U.S. and Afghan Forces have confirmed the death of Kunar provincial Islamic State of Iraq and Syria-Khorasan (ISIS-K) emir, Abdul Rahman, U.S. forces in Afghanistan said in a statement.

Rahman was killed along with three additional senior IS members on Thursday in Kunar's Dara-e-Pech district, the statement added.

Abdul Rahman was a potential candidate to become the IS leader in Afghanistan following Abu Sayed's death in a U.S airstrike last month.

The death of Abdul Rahman deals yet another blow to the senior leadership of ISIS-K, said General John Nicholson, Commander of U.S. forces in Afghanistan. He found out just like those before him that there are no safe havens in Afghanistan.

U.S. and Afghan forces have been engaged in joint- counterterrorism operations against IS in eastern Afghanistan. American and Afghan military forces have promised to eliminate IS in Afghanistan in 2017.

Hundreds of IS fighters, including several senior commanders, have been killed in recent months.
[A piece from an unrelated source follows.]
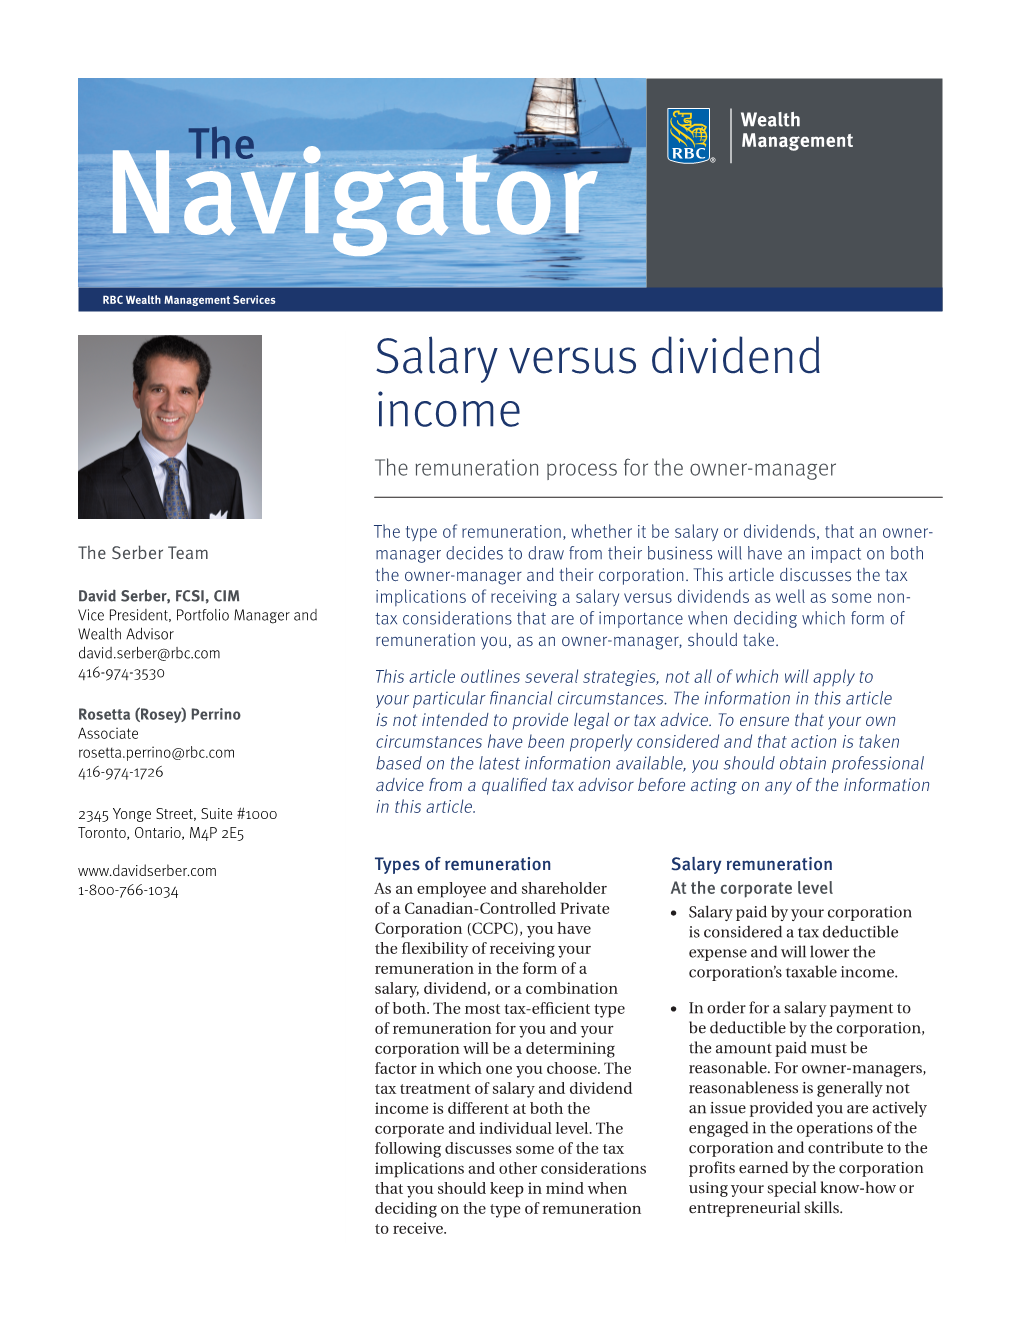 Salary Versus Dividend Income the Remuneration Process for the Owner-Manager

Abu Sayed, the group's top leader in Afghanistan, was killed in a U.S. airstrike last month. Sayed was the second IS leader in the past four months, and third in the past year, to have been targeted and killed. Abdul Hasib, his predecessor, was targeted in a U.S.-Afghan security forces raid in Nangarhar's Achin district in April.

We will hunt them down until they are no longer a threat to the Afghan people and the region, the commander of U.S. forces in Afghanistan said following the death of Abdul Rahman.
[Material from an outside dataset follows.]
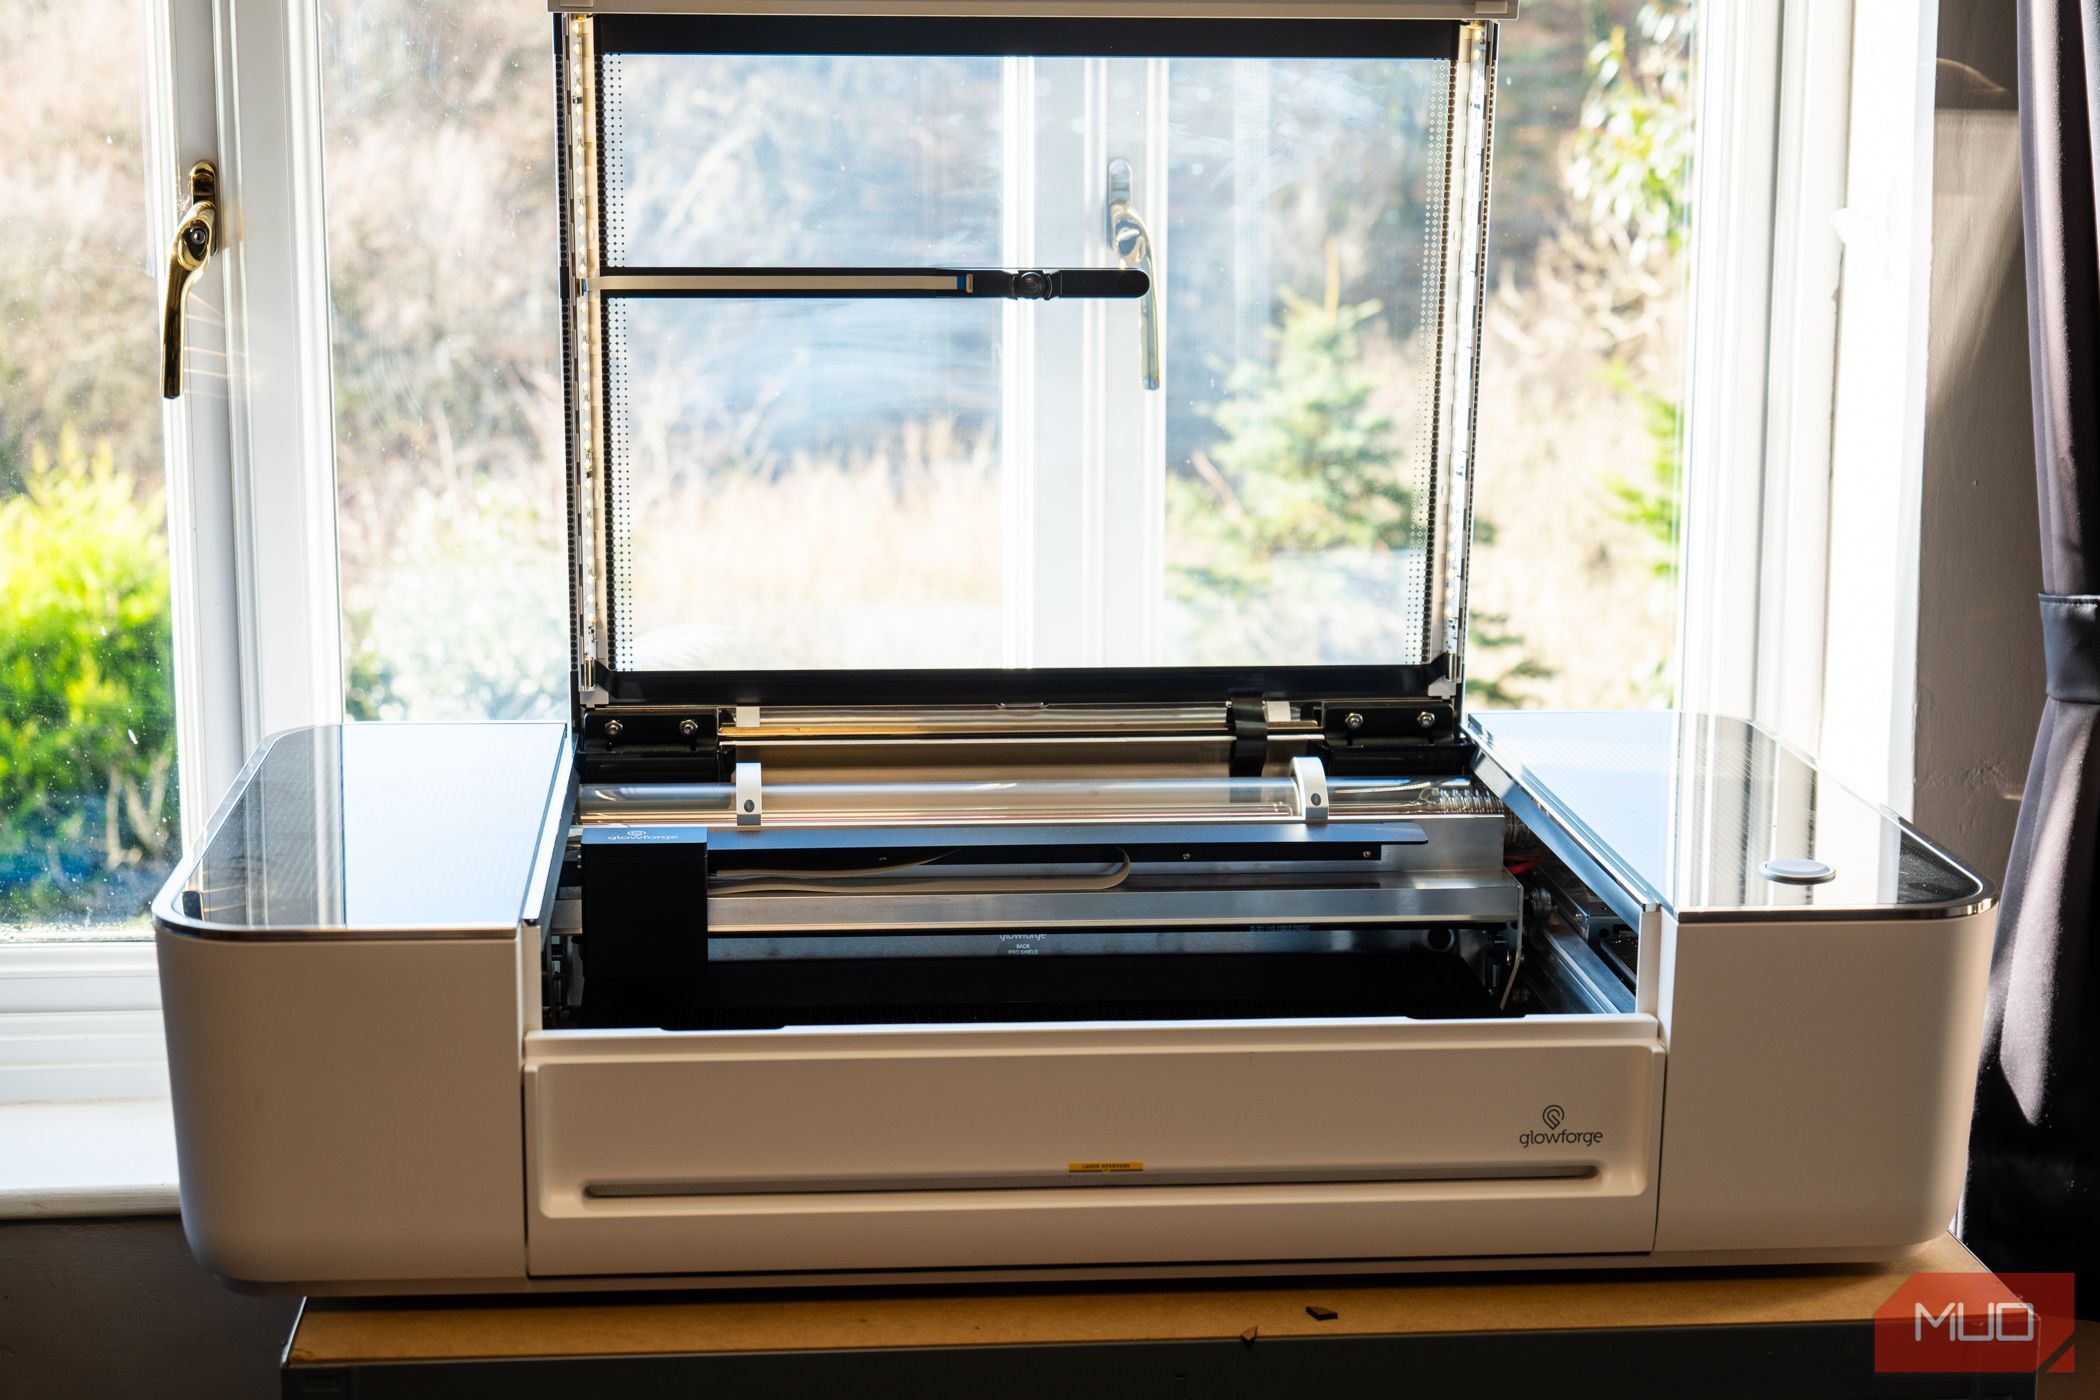 glowforge pro - featured front view

Based in southern parts of eastern Nangarhar province, IS's Khorasan Province branch (ISIS-K) emerged in early 2015 in the mountainous areas of Afghanistan and Pakistan to cover Afghanistan, Pakistan and other nearby territories.
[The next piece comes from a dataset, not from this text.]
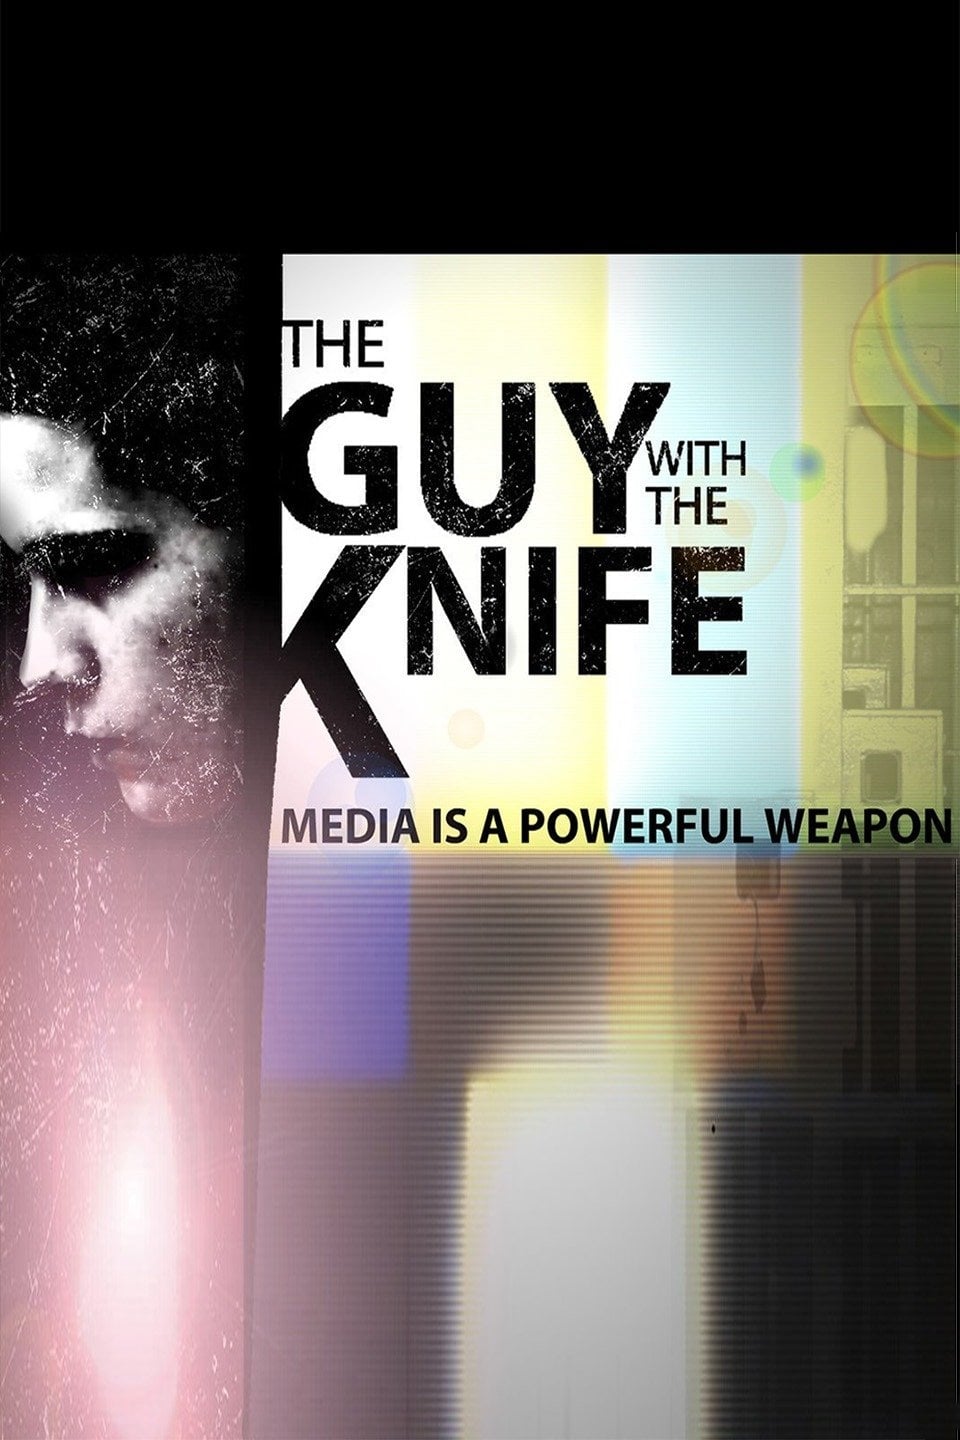 The Guy with the Knife

IS in Afghanistan has primarily been active in several districts of eastern Nangarhar province. Since its emergence, the terror group has targeted villages in several districts in the province, killing and abducting hundreds of people and setting their homes on fire.

IS under increasing pressure

Facing large-scale joint-U.S. and Afghan forces operations in Nangarhar, IS militants are trying to expand to mountainous parts of the adjacent Kunar and Nuristan provinces which share a border with Pakistan.

Police authorities in Nangarhar last week arrested five minors - 10 to 15 years old, who were being transported by IS recruiters from Kunar to a Nangarhar's remote district for training purposes.

Despite the battlefield successes of Afghan and American Special Forces against the Islamic State in Afghanistan, IS has carried out or claimed responsibility for several deadly attacks across the country, sparking fears that the group might be seeking to trigger sectarian conflict in Afghanistan and the greater central Asian region.

IS said its fighters stormed Iraq's embassy in Kabul last month, and the terror group also claimed responsibility for a suicide attack on a Shi'ite mosque in western Herat province in early August.

Amongst the dead was the father of Fatima Qaderyan, captain of the Afghan all-girls robotics team that made headlines last month after managing to get U.S visas to participate in the International Robot Olympics for High School Students in Washington D.C.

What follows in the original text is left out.